● **THE PROBLEM**
Print the data verbatim. Leave every image out.

● **SUPPLIED INFORMATION**
=== Begin Enclosure ===

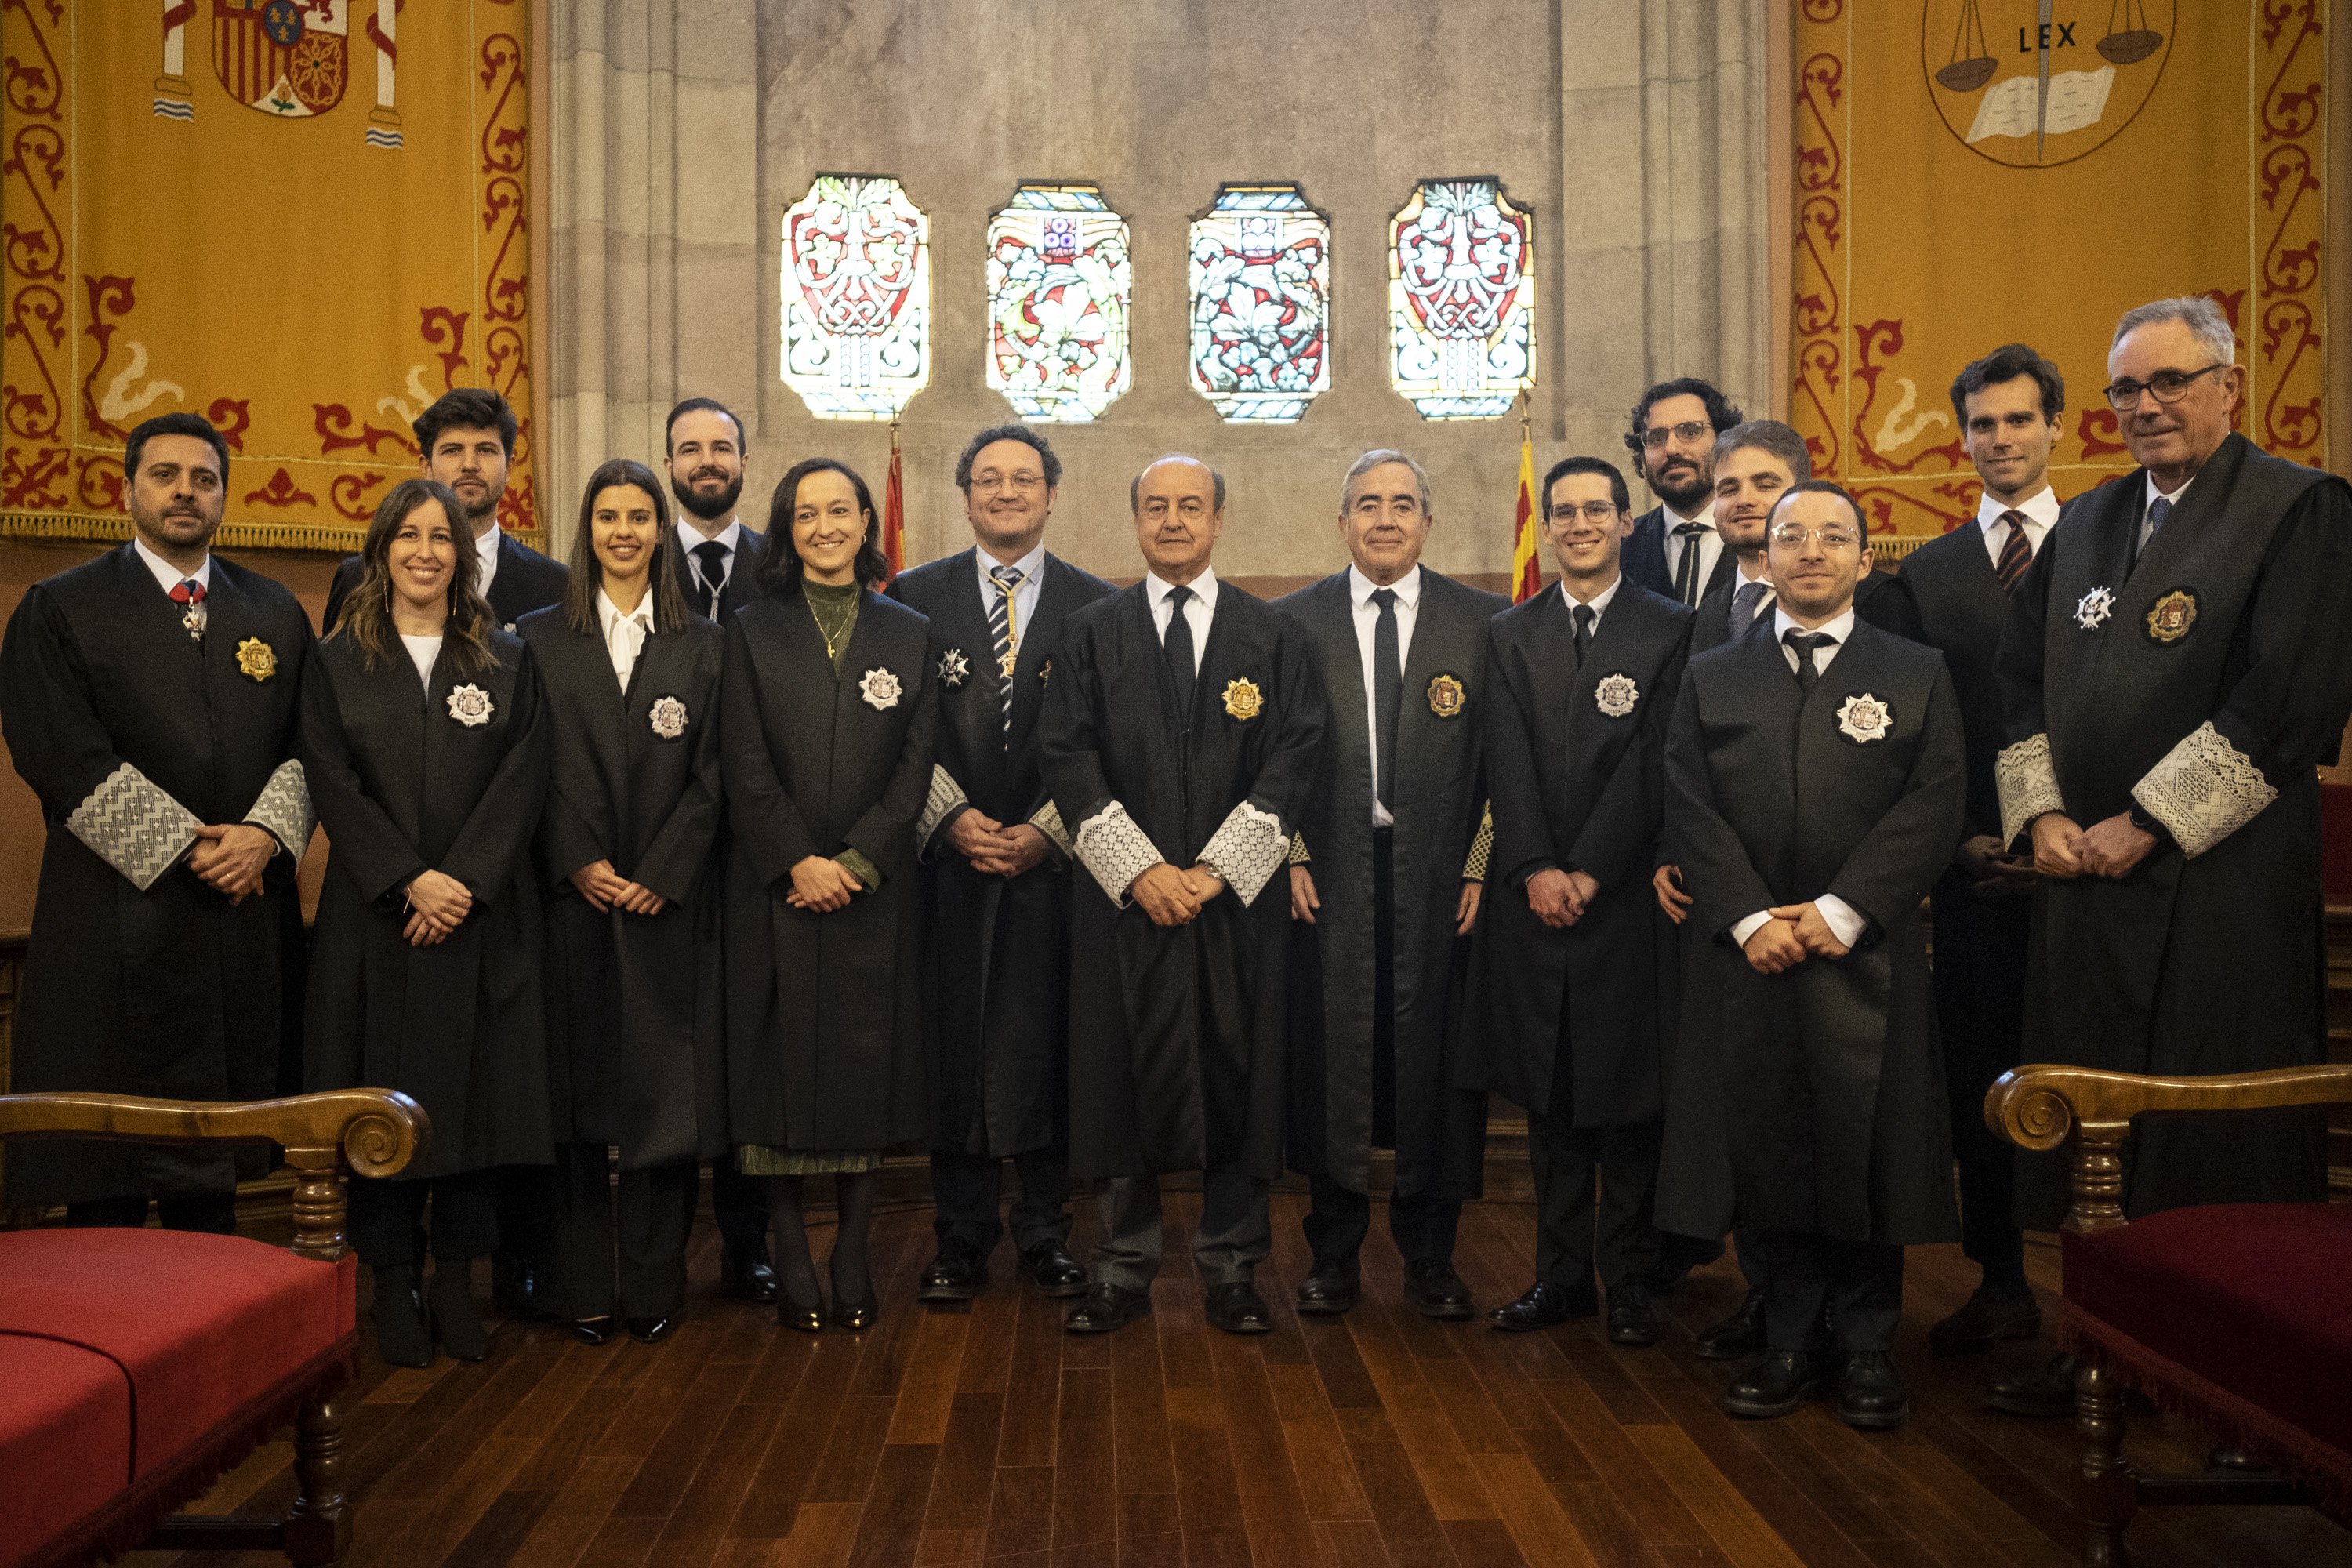 El Govern eleva al C1 el nivel de catalán necesario para sumar puntos a los aspirantes a presidir el TSJC
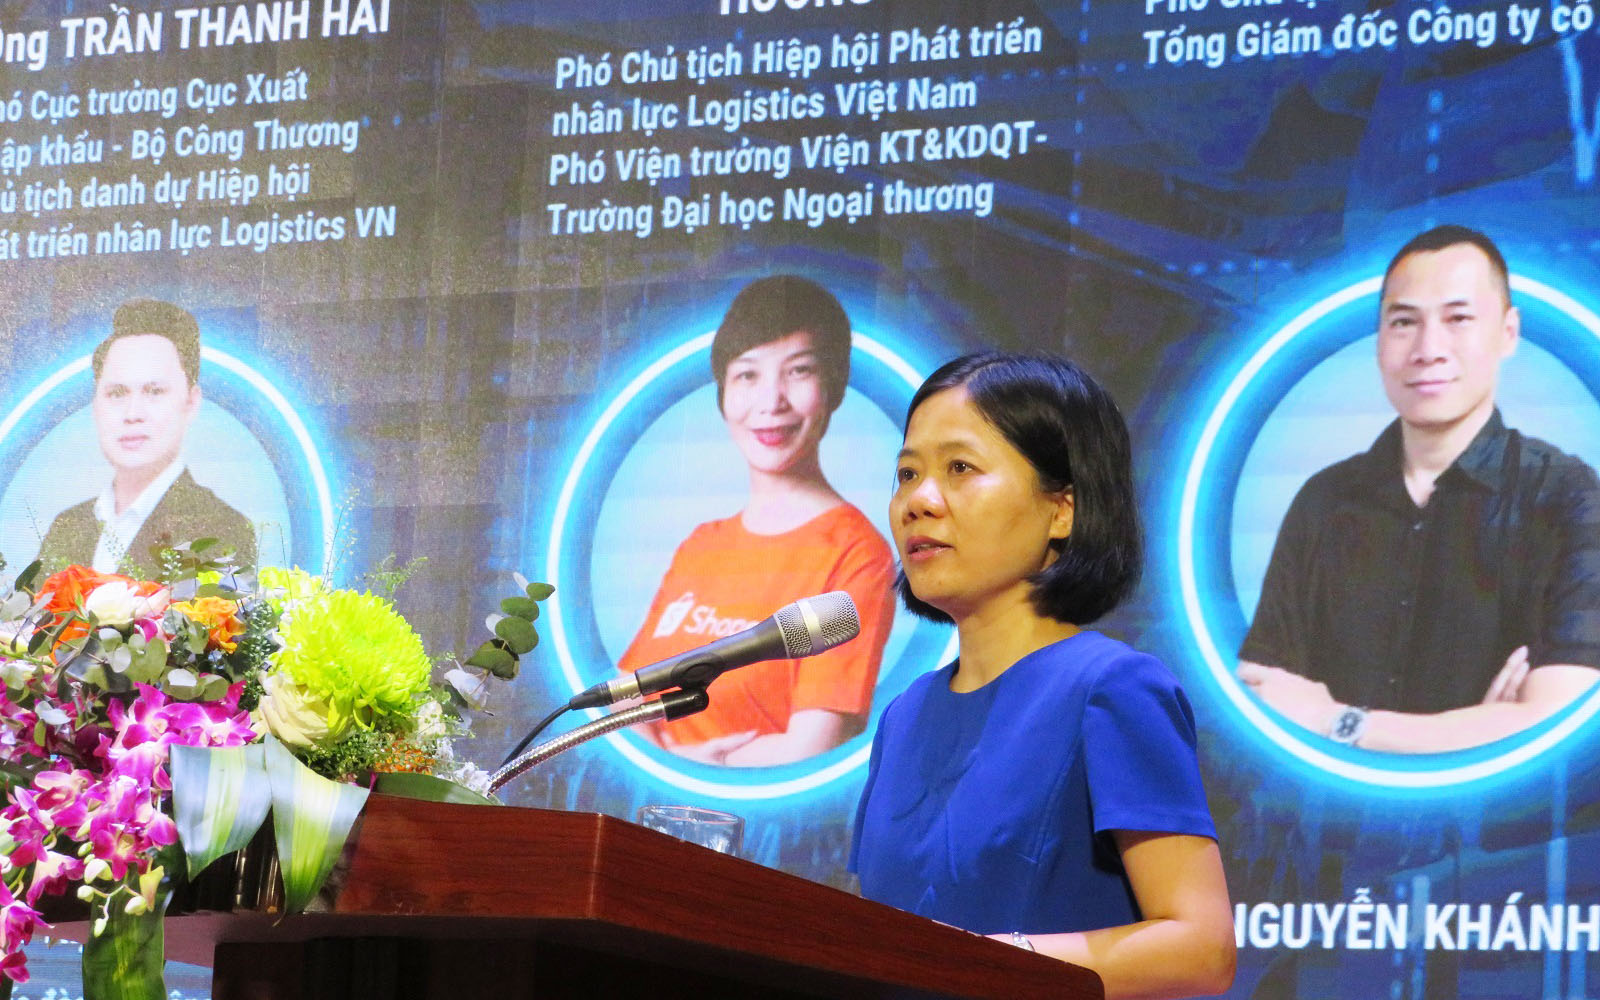 Theo PGS.TS.Trịnh Thị Thu Hương - Phó Chủ tịch VALOMA, kỹ năng ứng dụng công nghệ thông tin là một trong những yêu cầu quan trọng đối với nhân lực logistics trong tình hình mới hiện nay
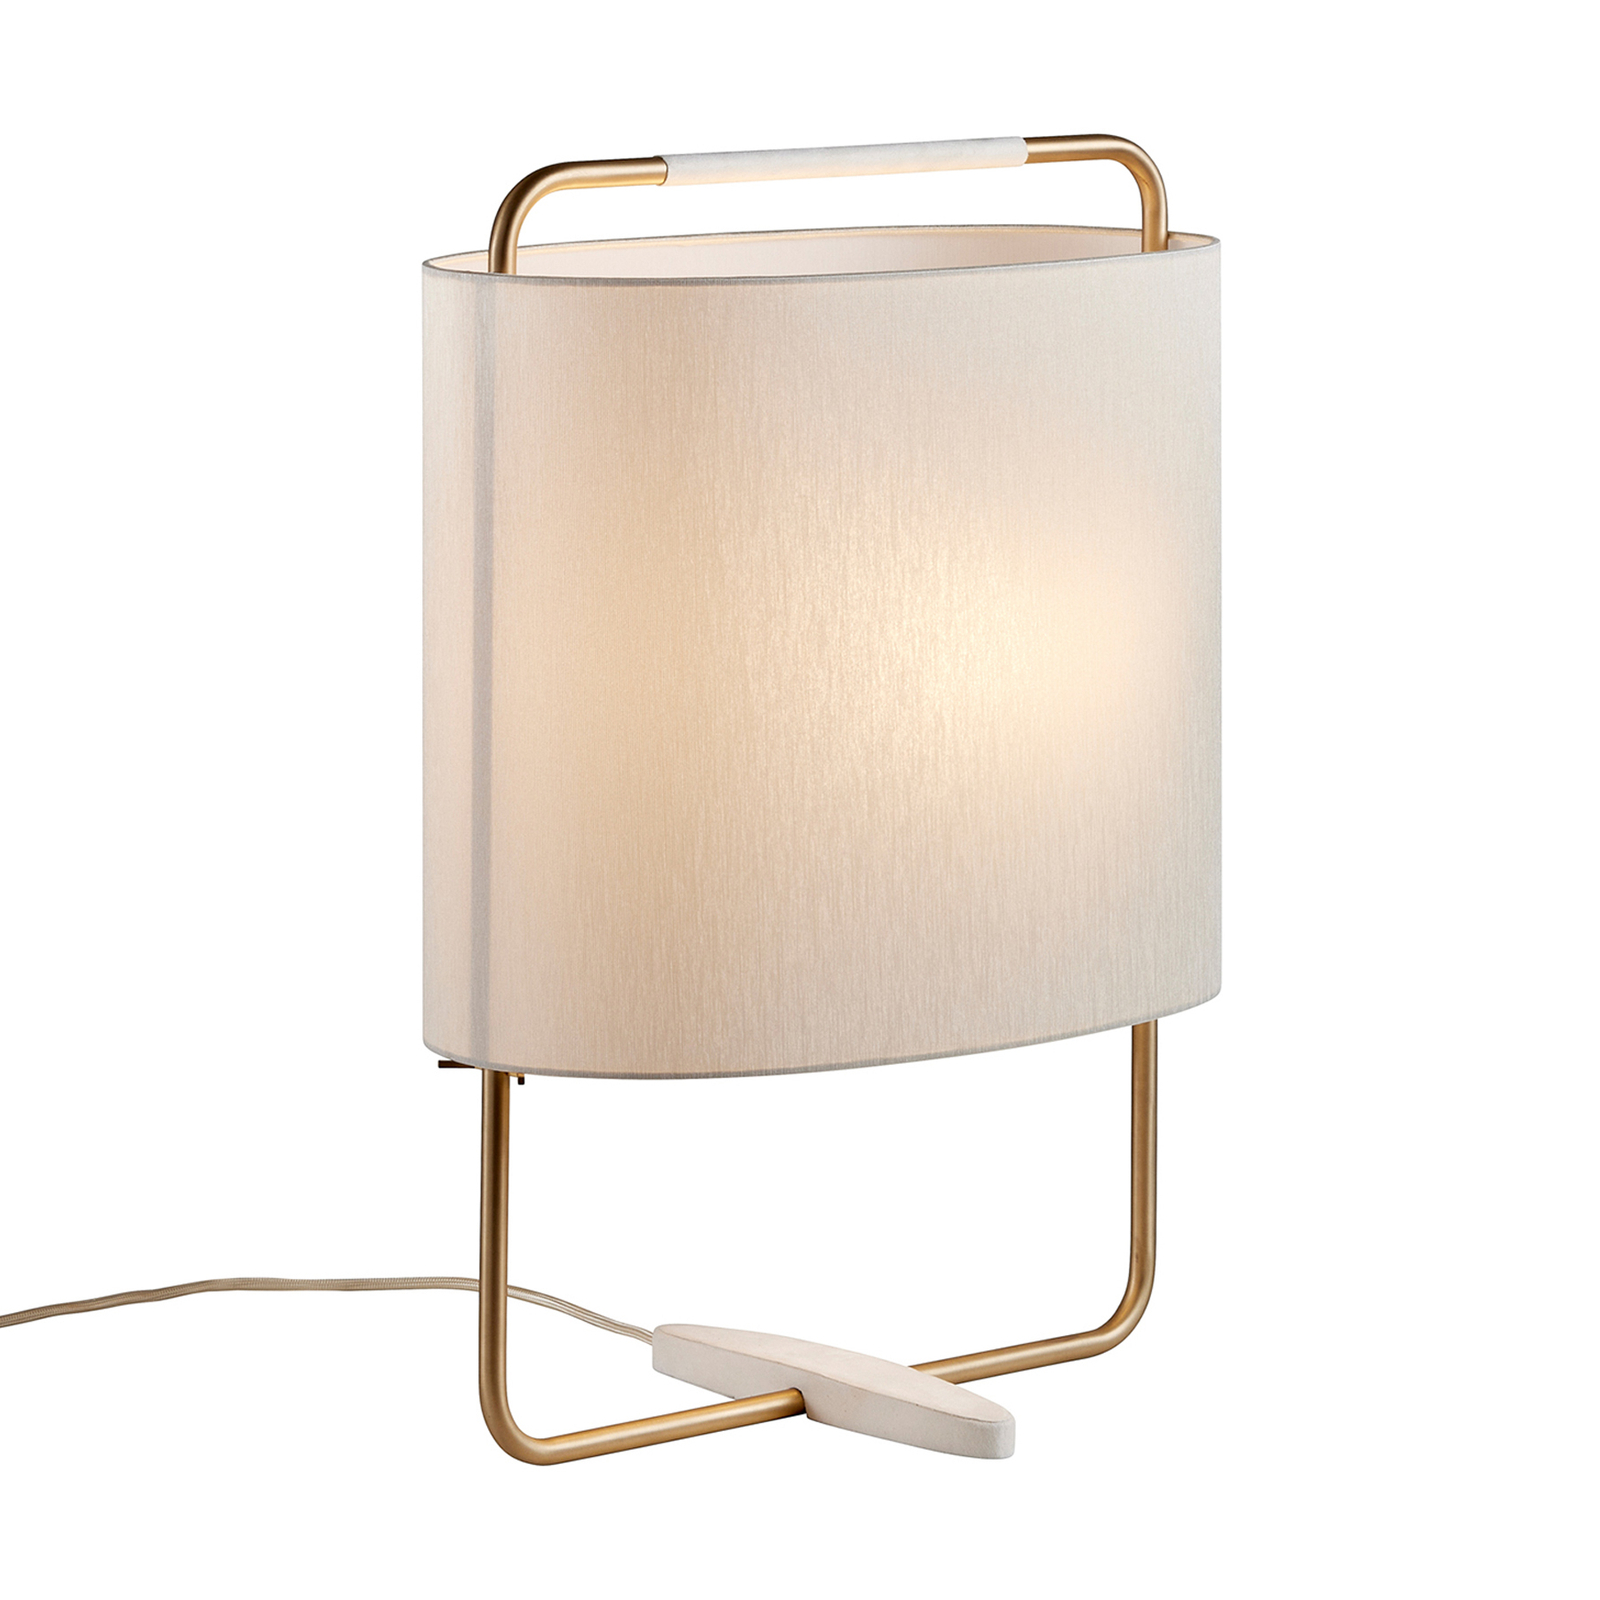 Margot table lamp, 55cm high, beige, gold, white

=== End Enclosure ===

● **ANSWER BOX**
 El Govern eleva al C1 el nivel de catalán necesario para sumar puntos a los aspirantes a presidir el TSJC
 Theo PGS.TS.Trịnh Thị Thu Hương - Phó Chủ tịch VALOMA, kỹ năng ứng dụng công nghệ thông tin là một trong những yêu cầu quan trọng đối với nhân lực logistics trong tình hình mới hiện nay
 Margot table lamp, 55cm high, beige, gold, white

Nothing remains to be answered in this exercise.